Reputation: 1371
Given the following data in long format. Would like to do this for an arbitrary number of timepoints.
dat <- structure(list(srdr_id = c("172507", "172507", "172507", "172507",
"172619", "172619", "172619", "172619"), arm = c("CBT_Educ",
"CBT_MI", "CBT_Educ", "CBT_MI", "MI", "Educ", "MI", "Educ"),
timepoint = c(0, 0, 3, 3, 0, 0, 3, 3), n = c(102, 103, 100,
101, 58, 61, 45, 53), mean = c(37.69, 40.23, 34.53, 31.8,
4.6, 4.3, 4.4, 4.1), sd = c(16.06, 14.23, 19.78, 19.67, 2.2,
2.2, 2.3, 2.5)), class = c("tbl_df", "tbl", "data.frame"), row.names = c(NA,
-8L))
Long dataset:
srdr_id arm timepoint n mean sd
<chr> <chr> <dbl> <dbl> <dbl> <dbl>
1 172507 CBT_Educ 0 102 37.7 16.1
2 172507 CBT_MI 0 103 40.2 14.2
3 172507 CBT_Educ 3 100 34.5 19.8
4 172507 CBT_MI 3 101 31.8 19.7
5 172619 MI 0 58 4.6 2.2
6 172619 Educ 0 61 4.3 2.2
7 172619 MI 3 45 4.4 2.3
8 172619 Educ 3 53 4.1 2.5
I would like to create a wide dataset, such that within each srdr_id and arm the three variables (n, mean and sd) appear in the same row.

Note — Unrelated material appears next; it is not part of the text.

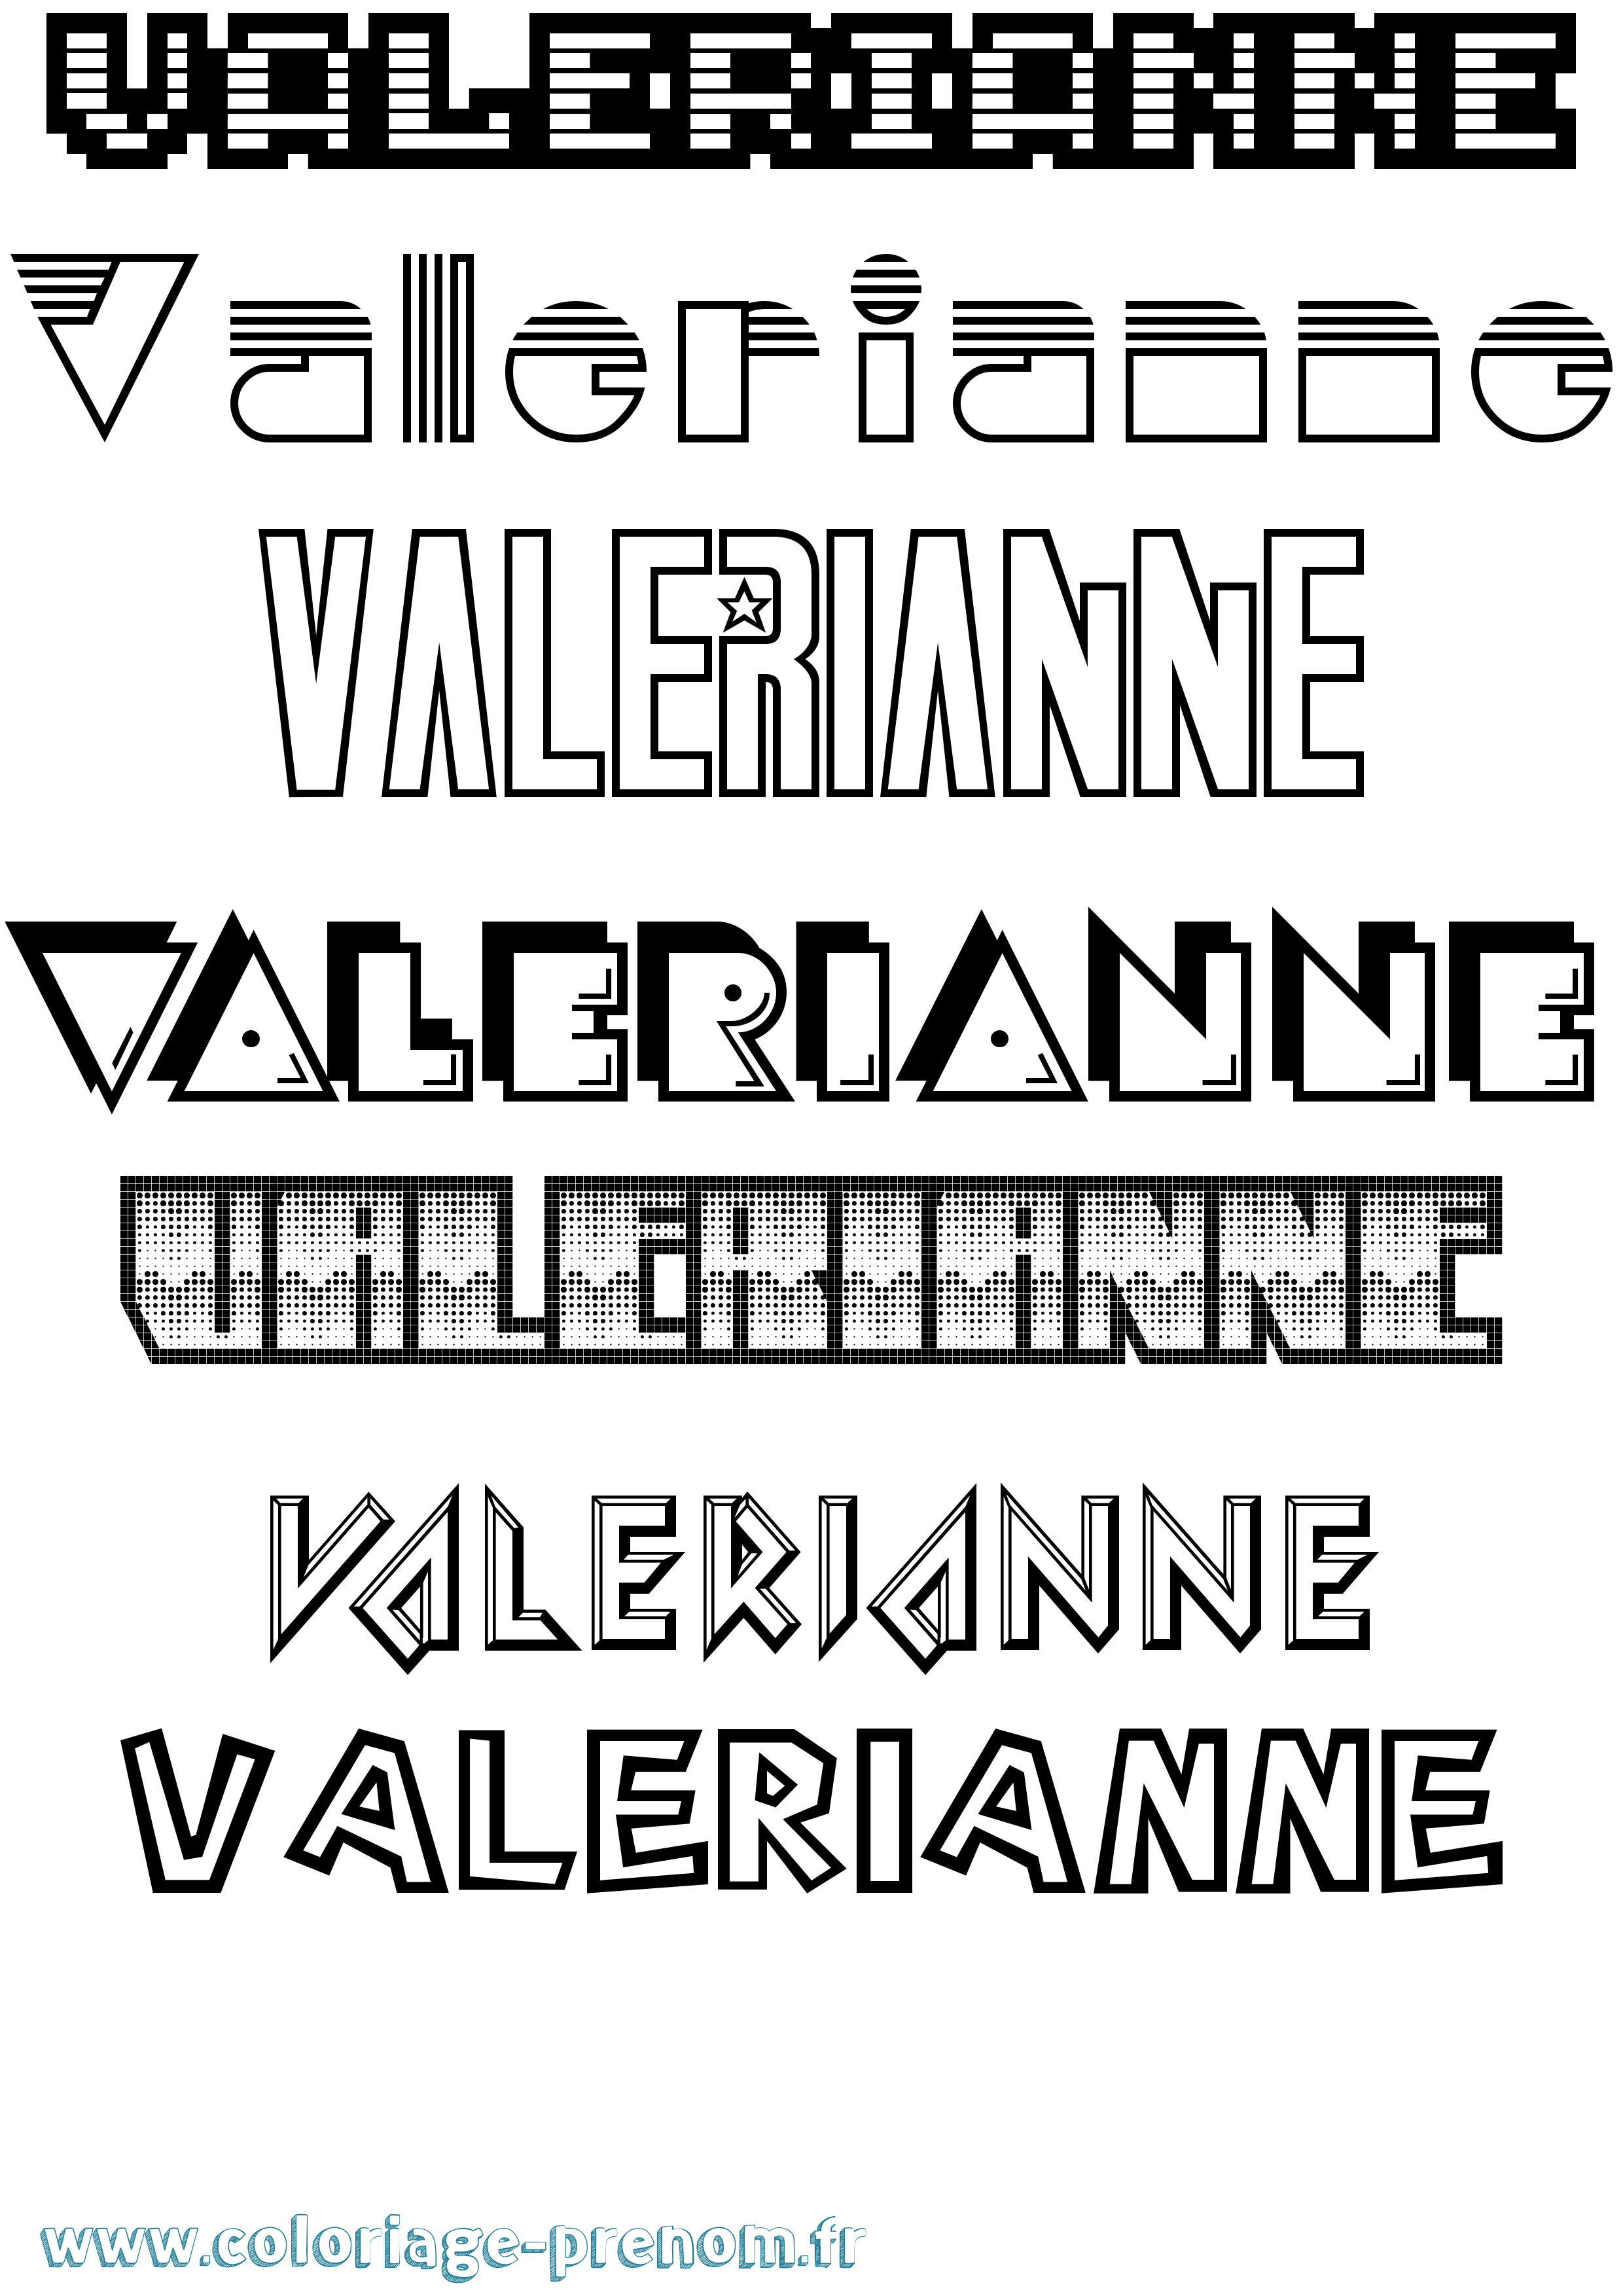 Coloriage prénom Valerianne Jeux Vidéos

srdr_id arm n.0 mean.0 sd.0 n.3 mean.3 sd.3
1 172507 CBT_Educ 102 37.7 16.1 100 34.5 19.8
2 172507 CBT_MI 103 40.2 14.2 101 31.8 19.7
5 172619 MI 58 4.6 2.2 45 4.4 2.3
6 172619 Educ 61 4.3 2.2 53 4.1 2.5
The following failed with:
Error in is.formula(formula) : object 'srdr_id' not found
data.table::dcast(data = dat, srdr_id + arm, value.var = c(n_analyzed, mean, sd))
Upvotes: 1
Views: 156
Reputation: 5405
A common workflow for this type of situation is gathering all the metrics, renaming them, and then spreading again. See below:
dat %>%
gather("measure", "val", n, mean, sd) %>%
mutate(measure = paste0(measure, ".", timepoint)) %>%
select(-timepoint) %>%
spread(measure, val)
# A tibble: 4 x 8
srdr_id arm mean.0 mean.3 n.0 n.3 sd.0 sd.3
<chr> <chr> <dbl> <dbl> <dbl> <dbl> <dbl> <dbl>
1 172507 CBT_Educ 37.7 34.5 102 100 16.1 19.8
2 172507 CBT_MI 40.2 31.8 103 101 14.2 19.7
3 172619 Educ 4.3 4.1 61 53 2.2 2.5
4 172619 MI 4.6 4.4 58 45 2.2 2.3
library(data.table)
dt <- as.data.table(dat)
melt(dt, id.vars = c("srdr_id", "arm", "timepoint"))[
,`:=`(variable = paste0(variable, ".", timepoint), timepoint = NULL)
] %>%
dcast(srdr_id + arm ~ variable, value.var = "value")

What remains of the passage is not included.